Soft drinks and fuzzy borders

We live in a world with ambiguity, which is why people with absolute, black-and-white ideologies always end up looking extreme. The latest case study? Soft drink regulation in New York City.

Let’s start by being clear on what the law is about. It is very specific: places that serve drinks (not grocery stores) would be unable to sell more than 16 ounce containers of sugary drinks that have more than 25 calories per ounce. Can they sell you multiple containers? Yes. Can they allow free refills? Yes. Would this really be anything more than a slight nuisance for people who need to drink more than 16 ounces at a time? No.

But morally and philosophically, it is a gray area. Should the government be putting rules on something like this? It isn’t like gun laws, which prevents one person from hurting another person. It isn’t like business regulations that prevent a company from lying to their customers. It’s more or less an attempt to prevent businesses from taking advantage of the fact that people have poor self-control.  Is that really the government’s job?

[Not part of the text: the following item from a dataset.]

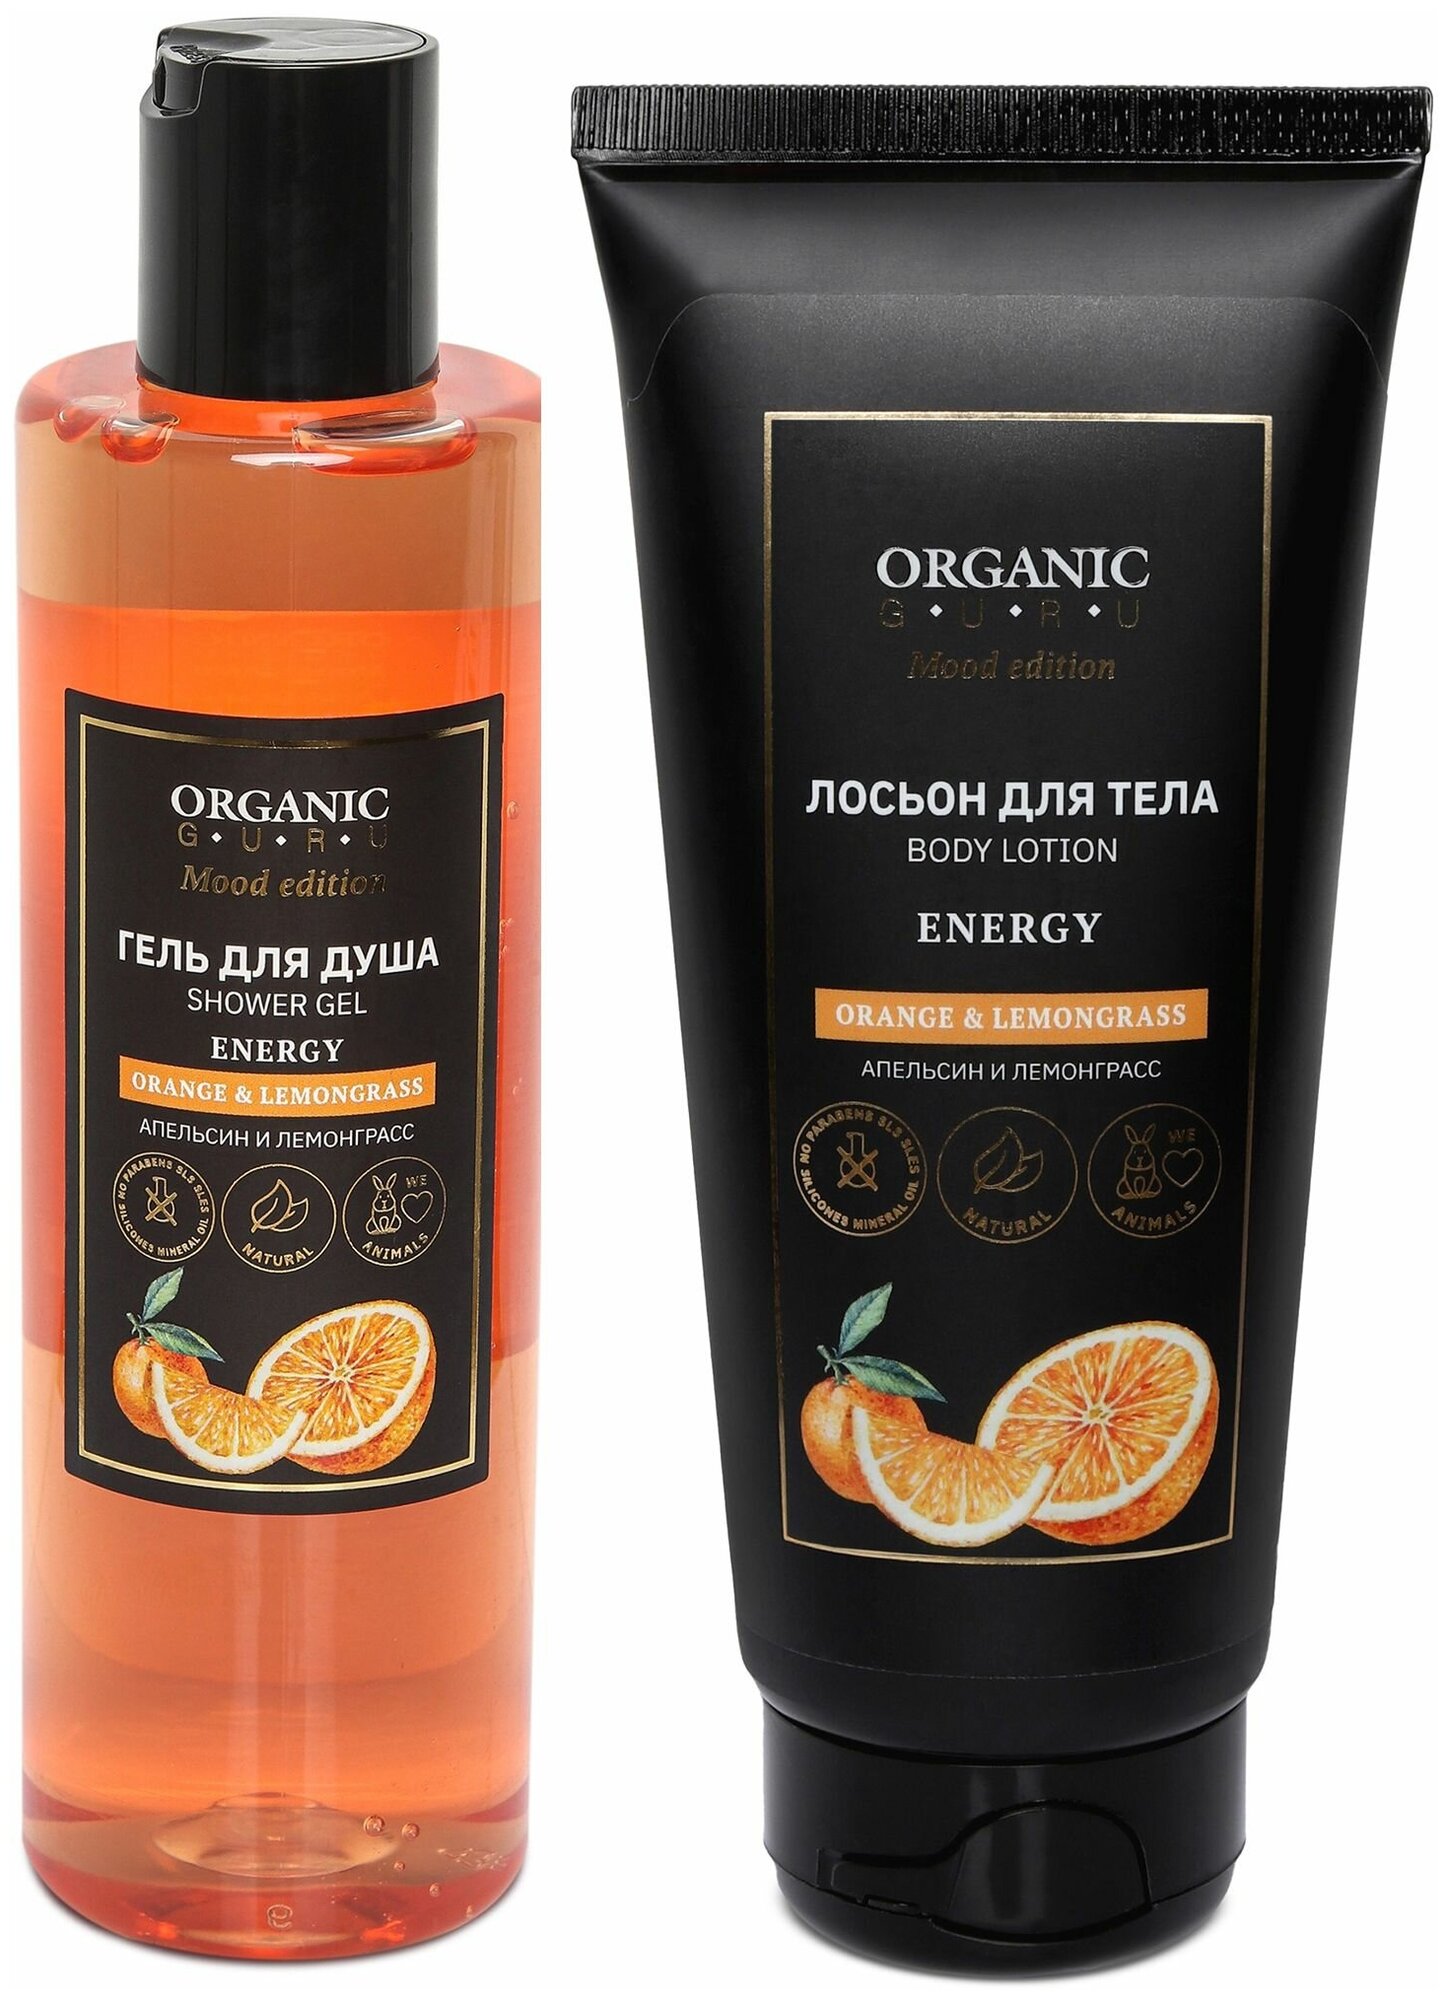 ORGANIC GURU "Апельсин" Гель для душа 250 ml. + Лосьон для тела 200 ml. Органик Гуру Без SLS и парабенов, бессульфатный, органический.
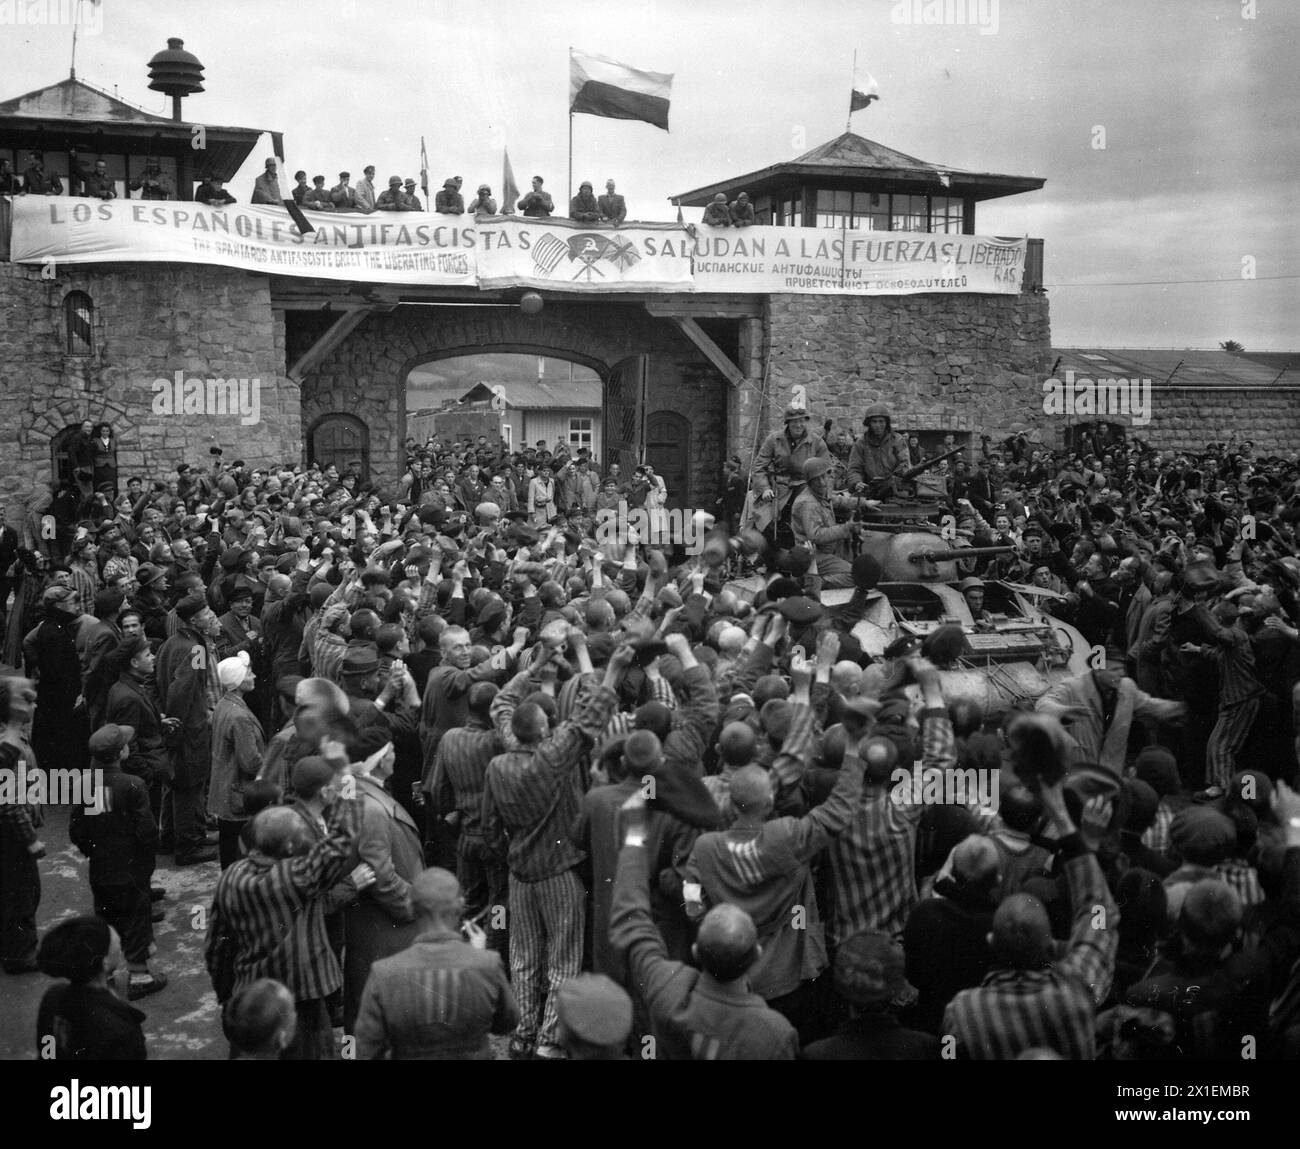 Les prisonniers libérés dans le camp de concentration de Mauthausen près de Linz, en Autriche, accueillent avec enthousiasme les cavaliers de la 11e division blindée. La bannière à travers le mur a été faite par des prisonniers loyalistes espagnols CA. 6 mai 1945 Banque D'Images

Is it the government’s job to prevent businesses from taking advantage of people making bad decisions?

That’s the key question. I want you to stop for a moment, and think about the answer.

 


 

In my opinion, there is no single answer that is true in all situations.  The answer is neither “The government should NEVER try to prevent people from making bad decisions” nor is it “The government should ALWAYS try to stop people from making bad decisions.”

That’s why I started out, at the top of this article, saying that absolute, black-and-white ideologies all sound impractical and extreme when they address issues in the “big picture” like this. Anyone who says that they have ONE answer to the above (bold-faced) question that is true in every circumstance is inevitably just wrong.

People who instinctively want the answer to be “NO!”  (usually conservatives) always gravitate to their pet example: Will we end up with the government telling us exactly how many vegetables we are required to eat? That’s ridiculous!

People who instinctively want the answer to be “YES!” (usually liberals) always gravitate to their pet example: Will we end up with no safety regulations at all?  Are you next going to say that companies should be allowed to sell toxic toys, and let the market decide? That’s ridiculous!

Those are  the extremes. And they are, of course, both ridiculous.

Any ideology that is so rigid that it requires you to believe that the government can’t outlaw toxic toys for children is, quite plainly, a broken ideology. It does not take into account the way real human beings function in the real world. But similarly, any ideology so rigid that it requires you to believe that the government should mandate your dietary intake is also a broken ideology.

The only ideologies that work in the real world are those that allow you to answer “yes” sometimes, and “no” at other times, to the question of whether it’s the government’s job to protect people from making bad decisions.

 


 

This is my appeal to people: Let’s get away from having arguments as if we are trying to figure out whether the answer is “always yes” or “always no”.   It’s not.

So let’s do away with arguments like “OMG this will lead to the regulation of everything!”

And let’s do away with arguments like “OMG you just don’t care about helping people!”

The real conversation is in the gray area: the fuzzy border between the “obvious yes” cases and the “obvious no” cases.

Every conversation about the details, including the Great Soft Drink Debate, needs to be taken on its own merits, without hysterics or wild analogies to extremes, to figure out on which side of that border it belongs.